*RECORD SET*:

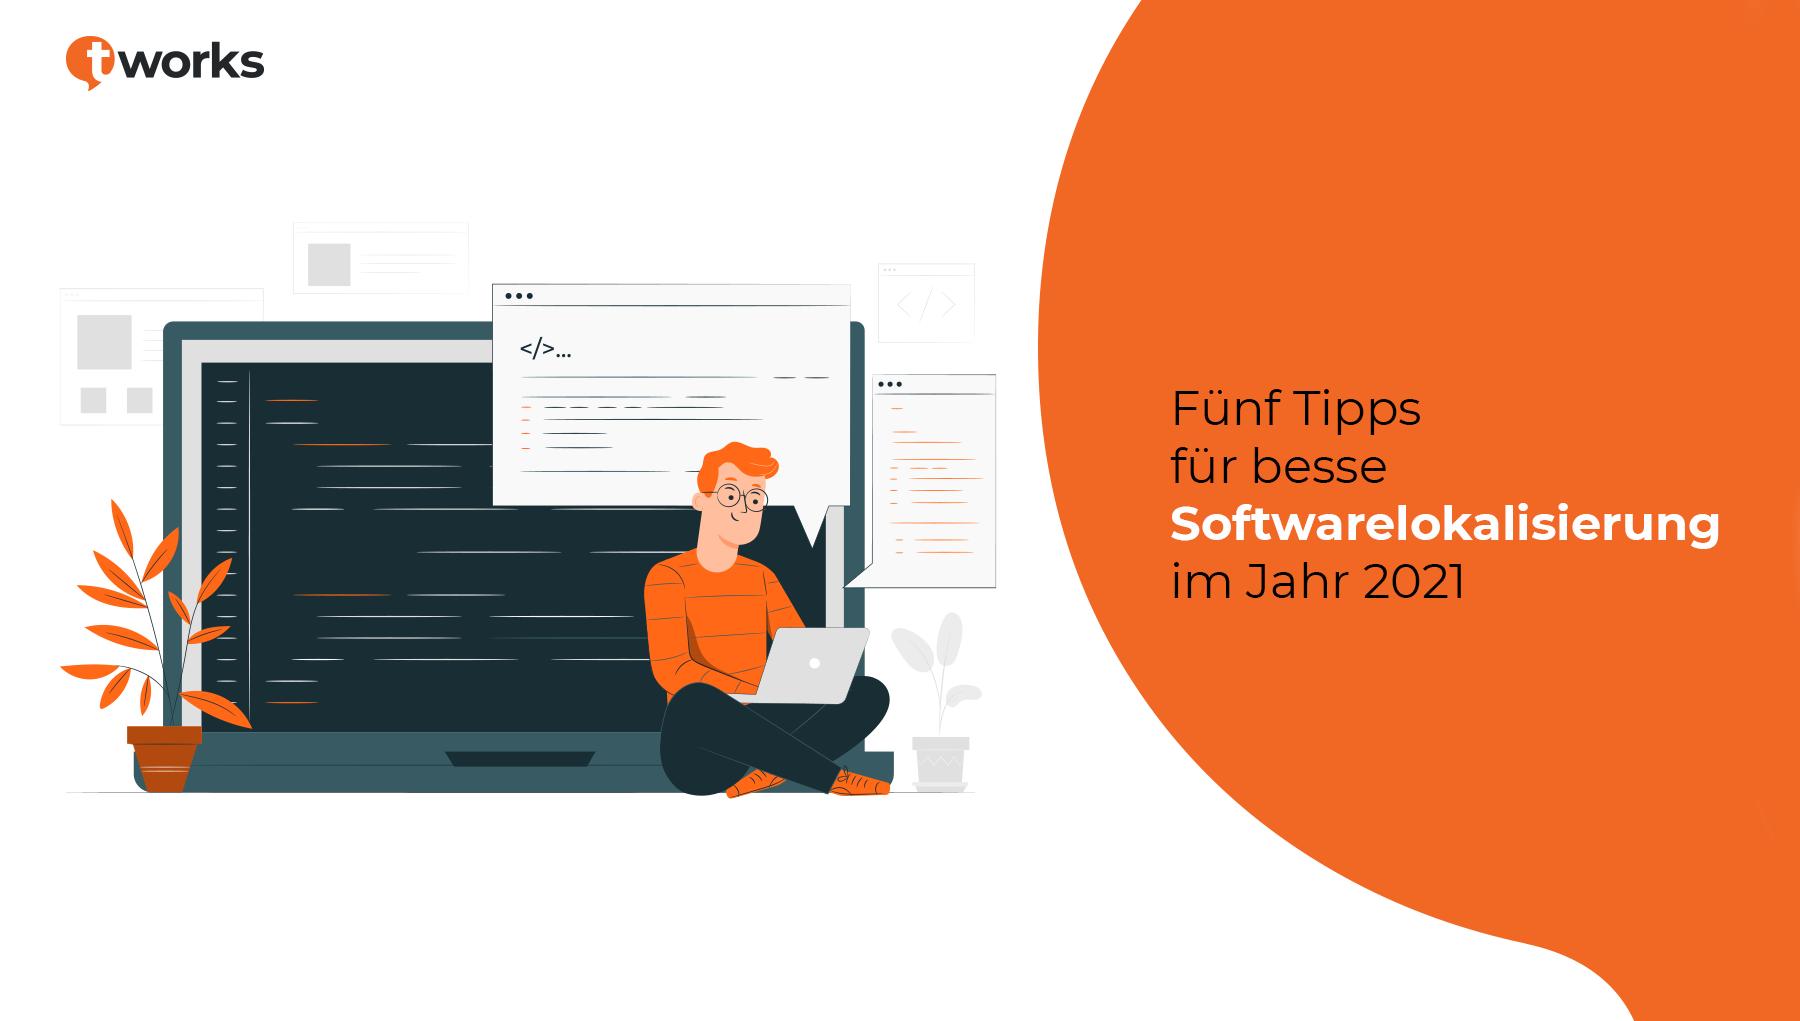 Tipps für bessere Softwarelokalisierung bei t'works
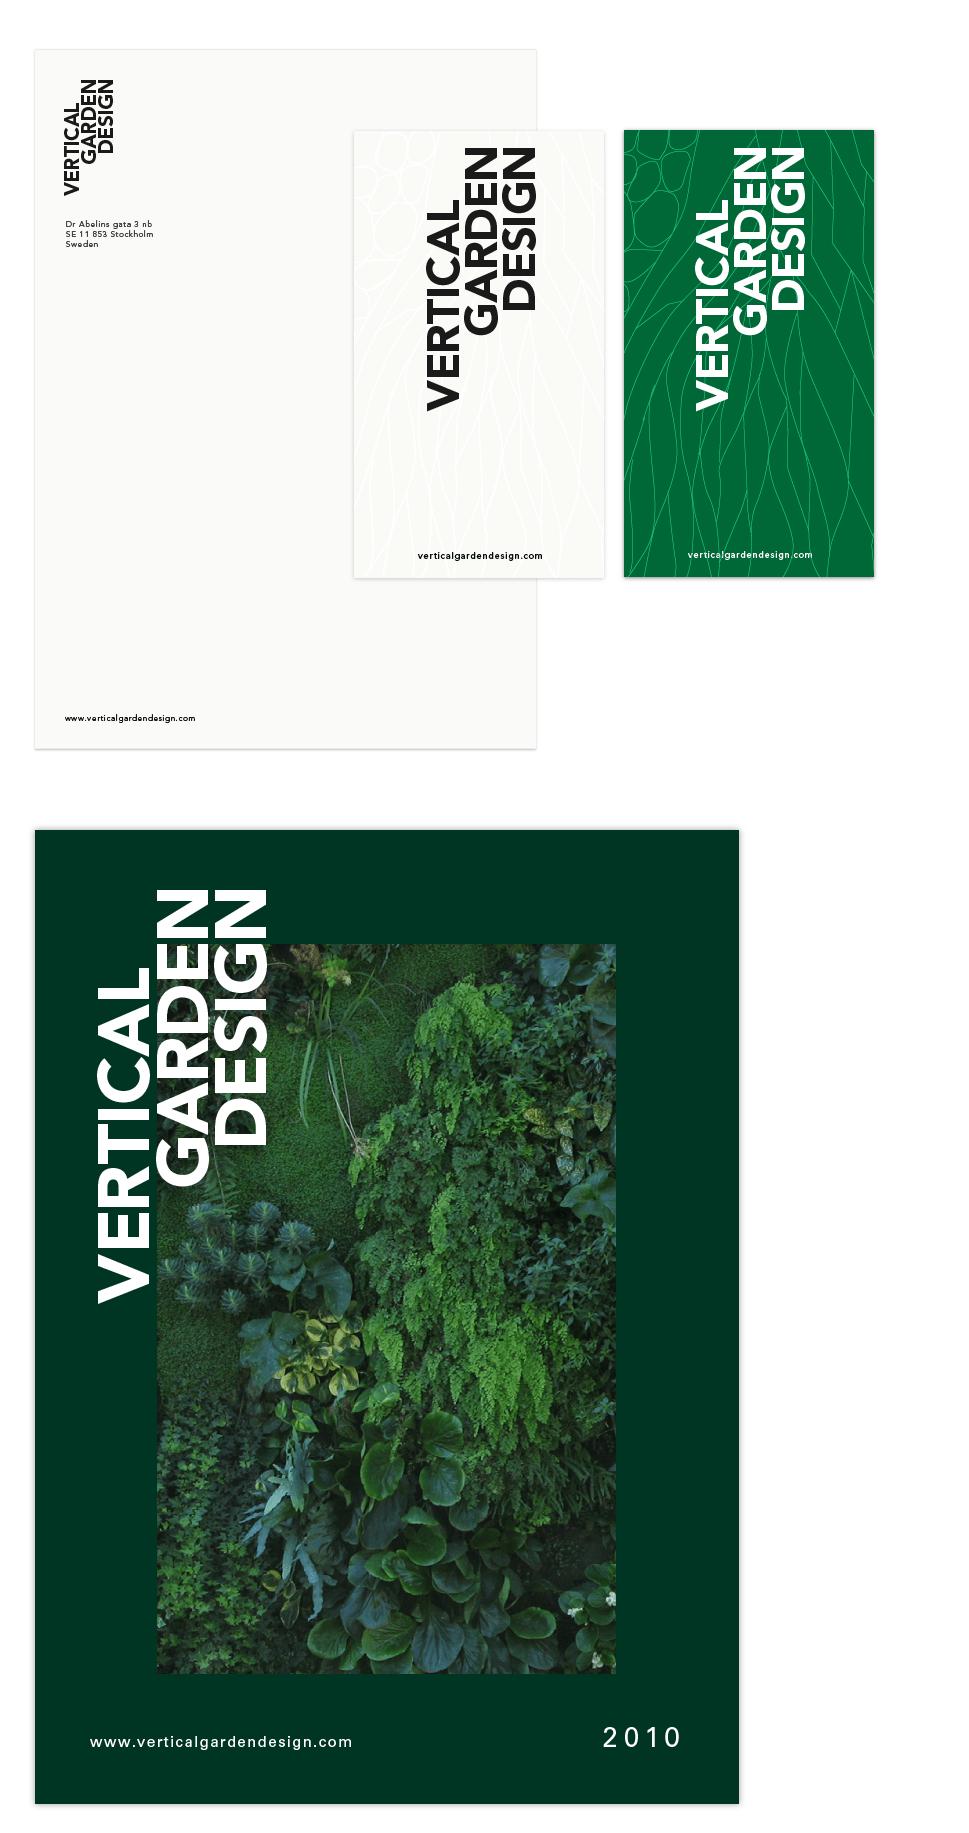 https://i0.wp.com/assets.area17.com/portfolio_medias/images/000/000/155/vertical_garden_design_id4_original.png
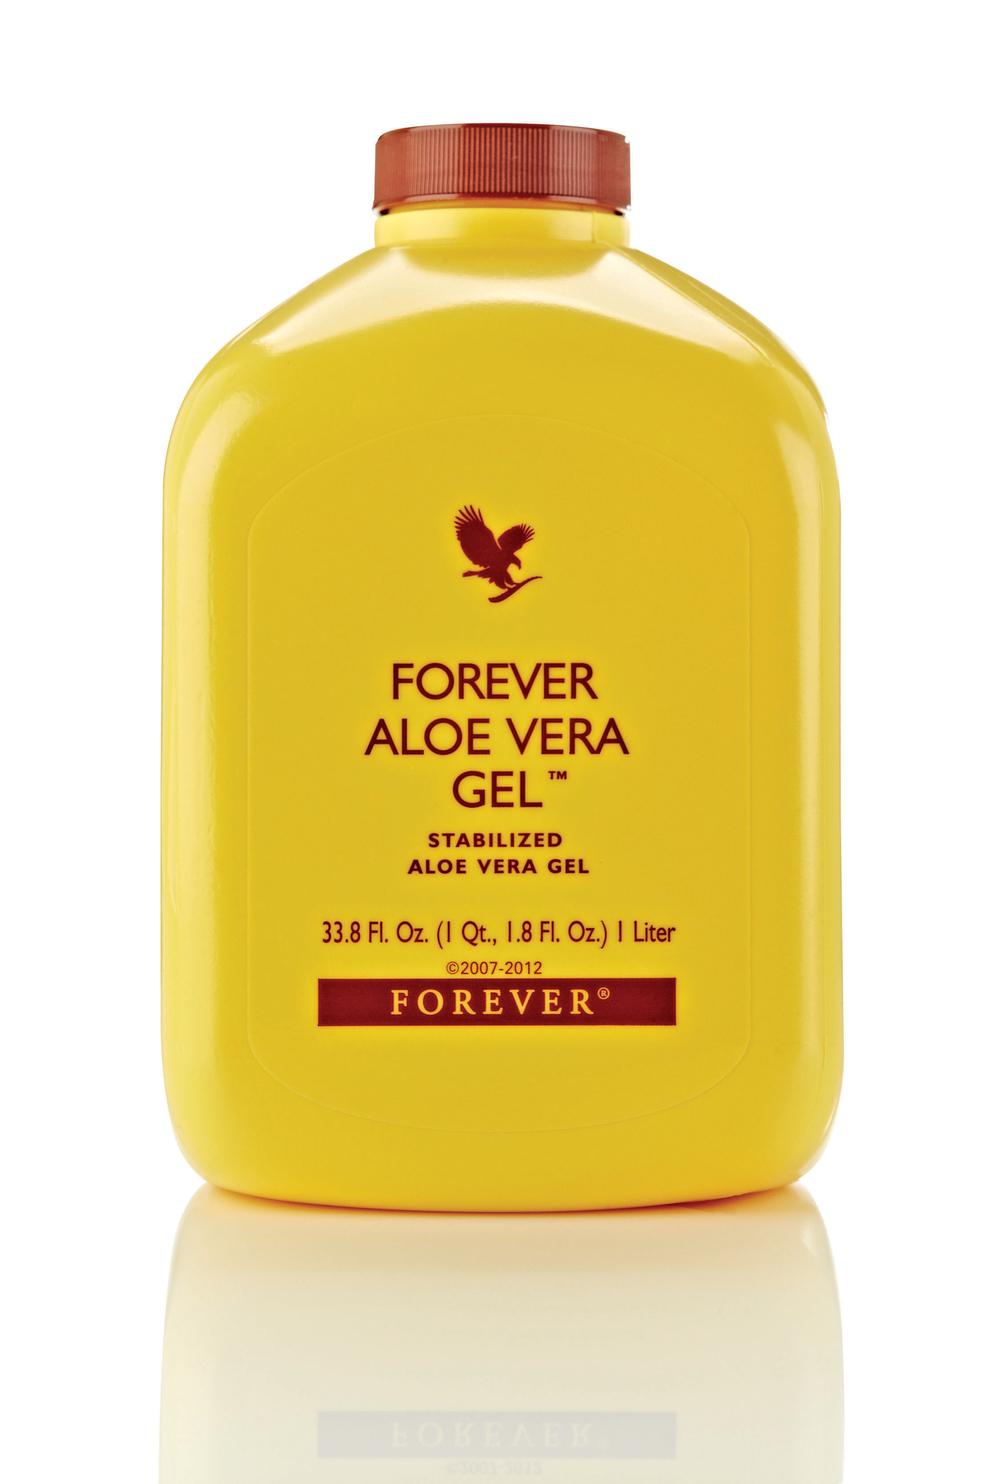 37-Aloe Vera Gel-2248x3336-HI.jpg
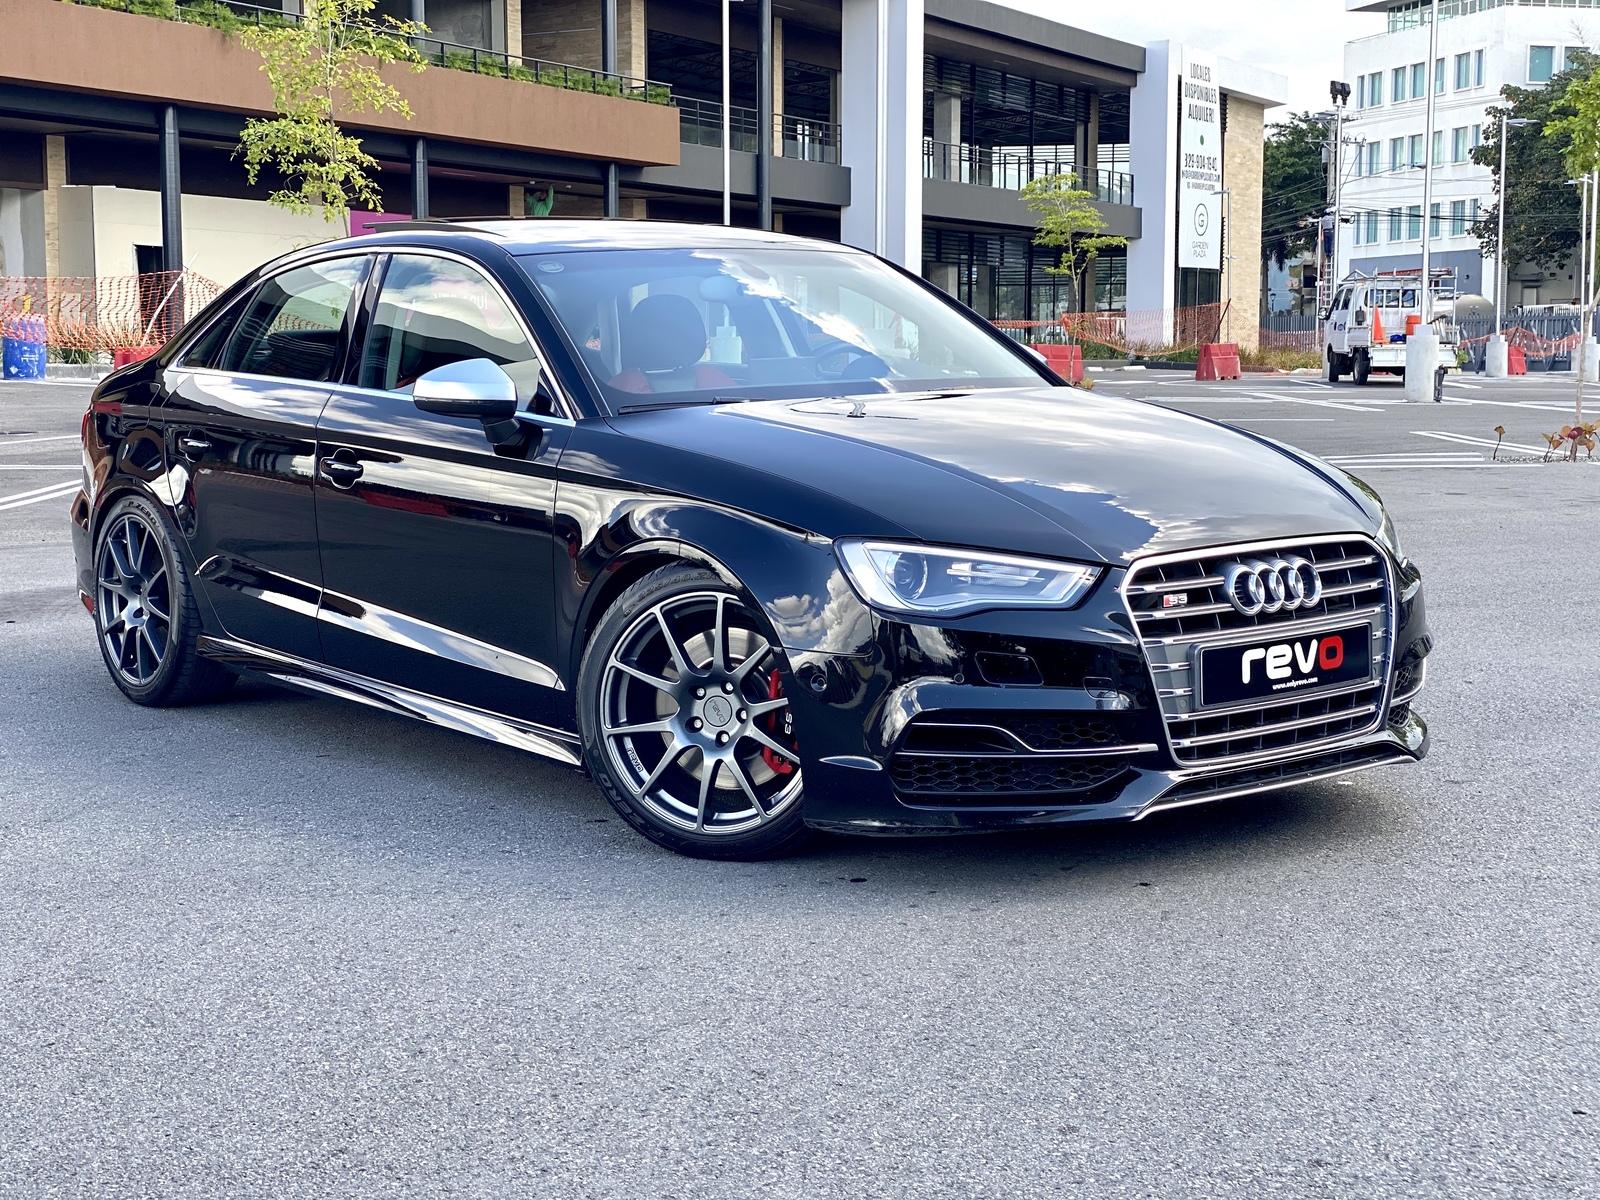 Kelebihan Kekurangan Audi S3 2015 Harga
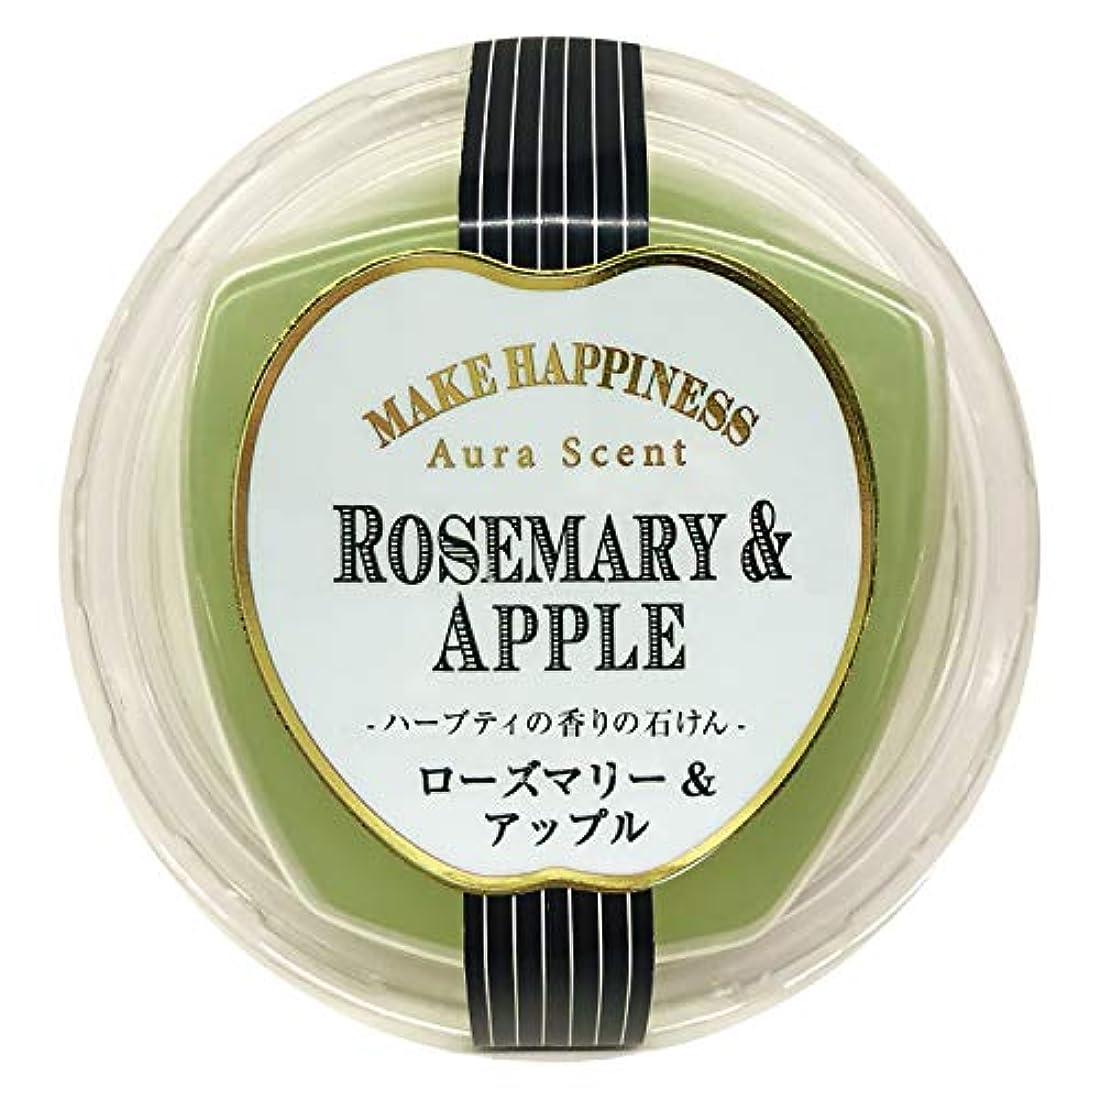 ヨーロッパ転送いちゃつくペリカン石鹸 オーラセント クリアソープローズマリー&アップル 75g

*ABOUT THIS EXERCISE*: Only the lines from the one holding "37-Aloe Vera Gel-2248x3336-HI.jpg" through the last line of the records should be output, please, exactly and without any pictures.

*SOLUTION TO THIS TASK*:
 37-Aloe Vera Gel-2248x3336-HI.jpg
 Kelebihan Kekurangan Audi S3 2015 Harga
 ヨーロッパ転送いちゃつくペリカン石鹸 オーラセント クリアソープローズマリー&アップル 75g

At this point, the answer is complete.